Libertarian conservatism is a conservative political philosophy and ideology that combines right-libertarian politics and conservative values. Libertarian conservatives' first value is negative liberty to achieve socially and culturally conservative ends. They reject liberal social engineering.Frank Meyer, a co-founder of National Review has called this combination "Fusionism". In political science, the term is used to refer to ideologies that combine the advocacy of economic principles, such as fiscal discipline, respect for contracts, defense of private property and free markets and the classical conservative stress on self-help and freedom of choice under a laissez-faire and economically liberal capitalist society with social tenets such as the importance of religion, and the value of traditional morality through a framework of limited, constitutional, representative government.

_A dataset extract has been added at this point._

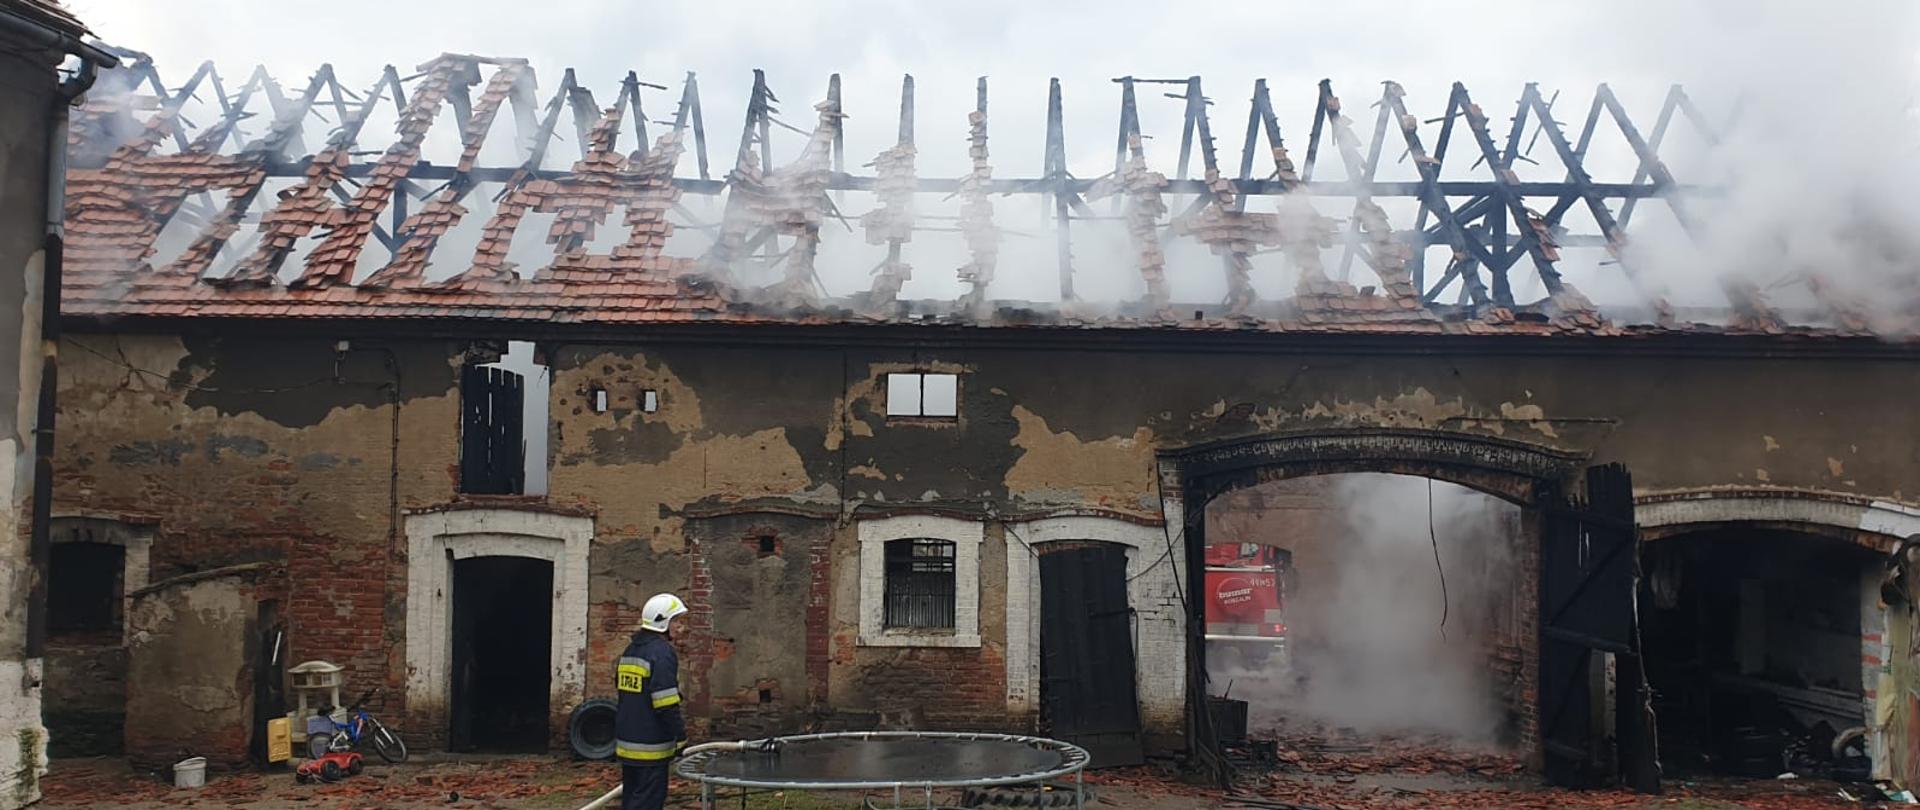 Obraz przedstawia budynek stodoły po pożarze. Widoczna spalona więźba dachowa. Z wnętrza wydobywa się dym i para wodna.

Freedom and Virtue: The Conservative/Libertarian Debate, edited by George W. Carey, contains essays which describe "the tension between liberty and morality" as "the main fault line dividing the two philosophies."

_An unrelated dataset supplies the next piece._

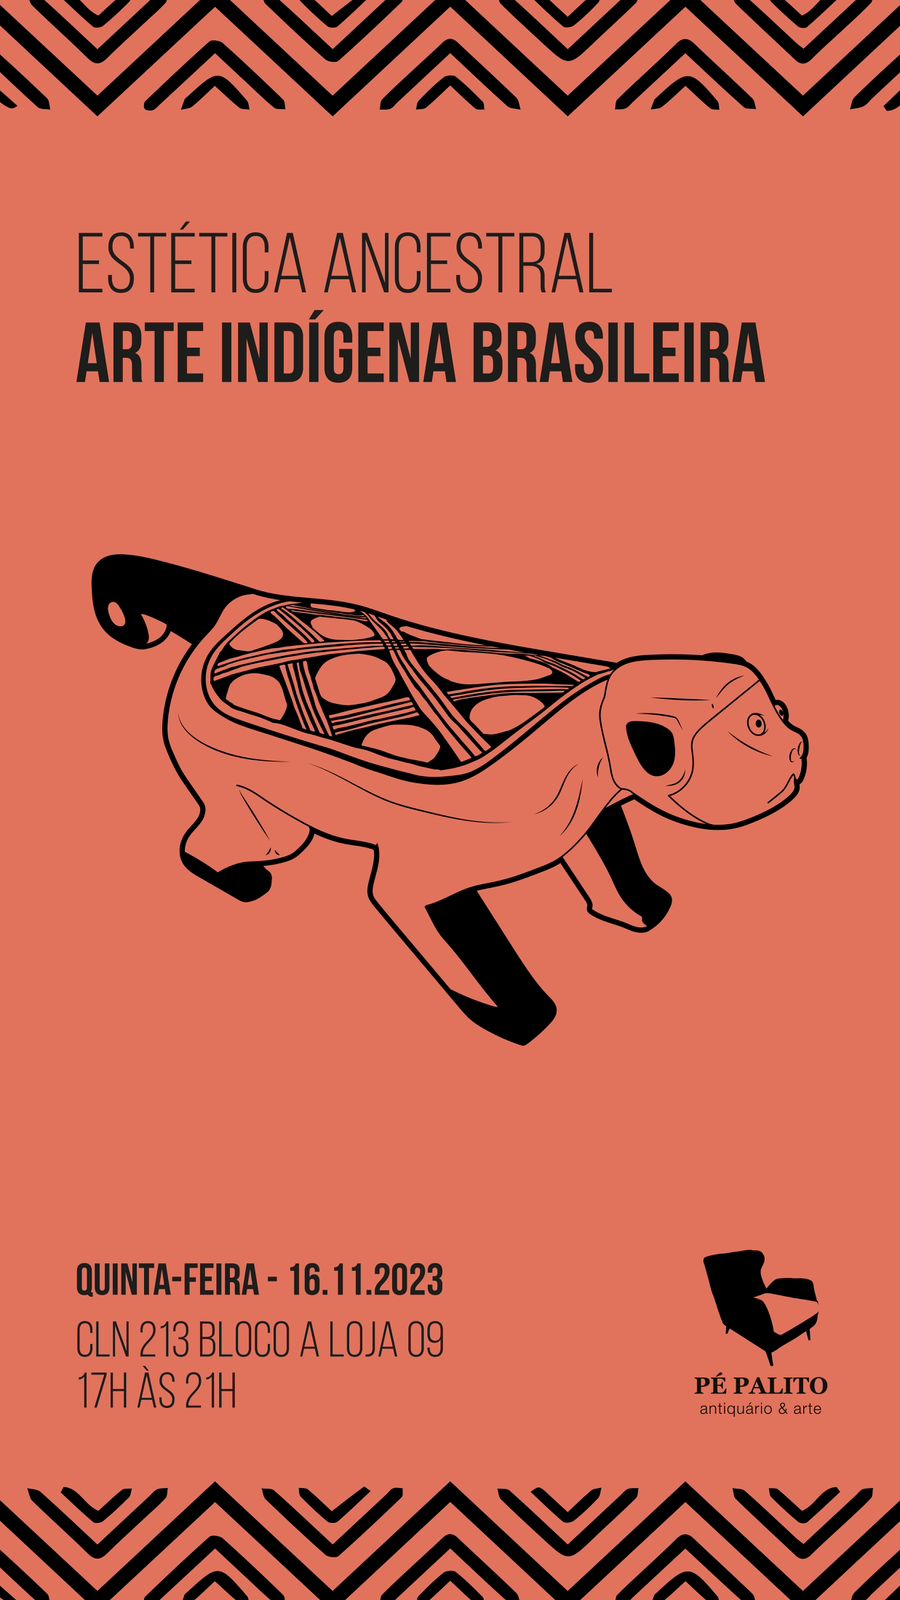 Estética ancestral – Arte indígena brasileira

Nelson Hultberg wrote that there is "philosophical common ground" between libertarians and conservatives. "The true conservative movement was, from the start, a blend of political libertarianism, cultural conservatism, and non-interventionism abroad bequeathed to us via the Founding Fathers." He said that such libertarian conservatism was "hijacked" by neoconservatism, "by the very enemies it was formed to fight – Fabians, New Dealers, welfarists, progressives, globalists, interventionists, militarists, nation builders, and all the rest of the collectivist ilk that was assiduously working to destroy the Founders' Republic of States."